Yang Yixin, Pan Jinshan, Peng Zhongzheng, Du Xiaoyu, Tao Zhulin, Tang Jinhui
IEEE Trans Pattern Anal Mach Intell. 2024 Aug;46(8):5612-5624. doi: 10.1109/TPAMI.2024.3370920. Epub 2024 Jul 2.
How to effectively explore the colors of exemplars and propagate them to colorize each frame is vital for exemplar-based video colorization. In this article, we present a BiSTNet to explore colors of exemplars and utilize them to help video colorization by a bidirectional temporal feature fusion with the guidance of semantic image prior. We first establish the semantic correspondence between each frame and the exemplars in deep feature space to explore color information from exemplars.
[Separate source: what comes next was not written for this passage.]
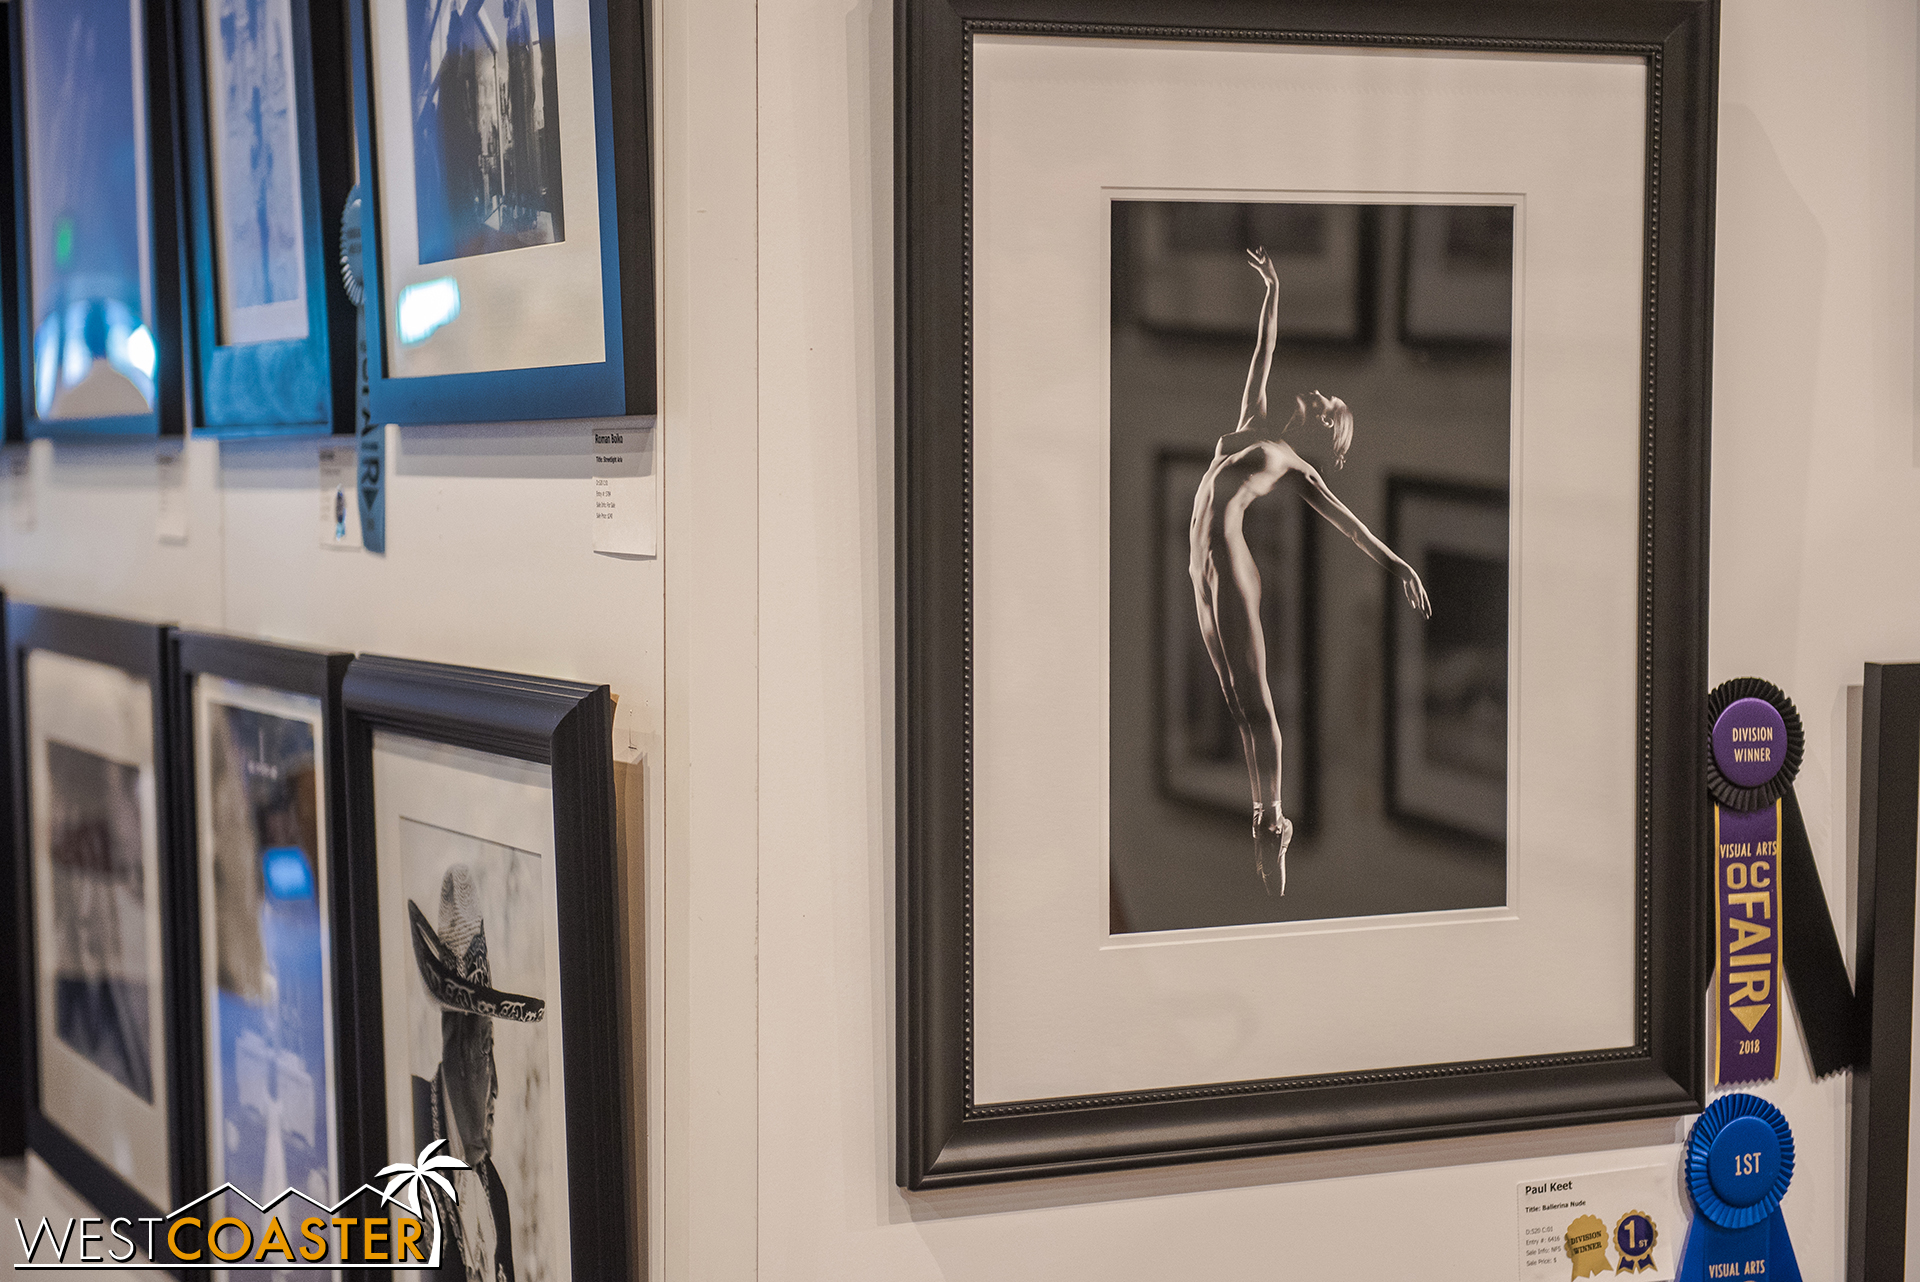  It’s rare to see nudes on display, but this photo was award winning (and compositionally pretty amazing), so it made it through the filters.

Then, we develop a simple yet effective bidirectional temporal feature fusion module to propagate the colors of exemplars into each frame and avoid inaccurate alignment. We note that there usually exist color-bleeding artifacts around the boundaries of important objects in videos. To overcome this problem, we develop a mixed expert block to extract semantic information for modeling the object boundaries of frames so that the semantic image prior can better guide the colorization process. In addition, we develop a multi-scale refinement block to progressively colorize frames in a coarse-to-fine manner. Extensive experimental results demonstrate that the proposed BiSTNet performs favorably against state-of-the-art methods on the benchmark datasets and real-world scenes. Moreover, the BiSTNet obtains one champion in NTIRE 2023 video colorization challenge (Kang et al. 2023).
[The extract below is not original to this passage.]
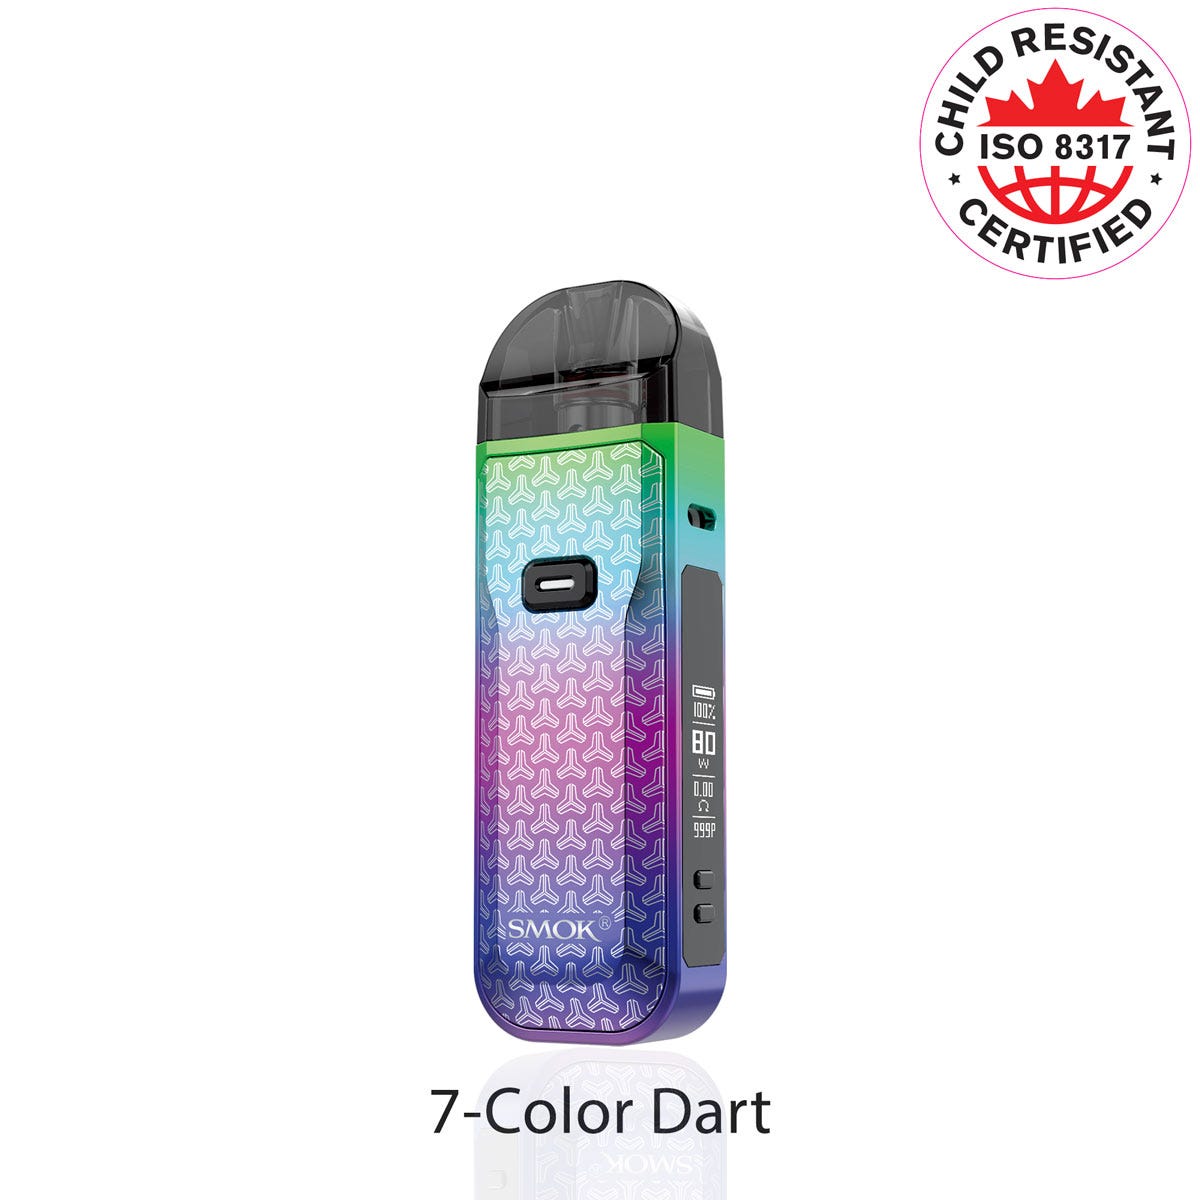 Smok Nord 5 80W Pod Kit in 7 color dart combination

如何有效地探索样本的颜色并将其传播以对每个帧进行着色,对于基于样本的视频着色至关重要。在本文中,我们提出了一种双向时空网络(BiSTNet)来探索样本的颜色,并在语义图像先验的指导下通过双向时空特征融合利用这些颜色来帮助视频着色。我们首先在深度特征空间中建立每个帧与样本之间的语义对应关系,以从样本中探索颜色信息。然后,我们开发了一个简单而有效的双向时空特征融合模块,将样本的颜色传播到每个帧中,并避免不准确的对齐。我们注意到,视频中重要物体的边界周围通常存在颜色渗漏伪影。为了克服这个问题,我们开发了一个混合专家模块来提取语义信息,以对帧的物体边界进行建模,从而使语义图像先验能够更好地指导着色过程。此外,我们开发了一个多尺度细化模块,以从粗到细的方式逐步对帧进行着色。大量实验结果表明,所提出的BiSTNet在基准数据集和真实场景上优于现有方法。此外,BiSTNet在NTIRE 2023视频着色挑战赛中获得了一个冠军(Kang等人,2023年)。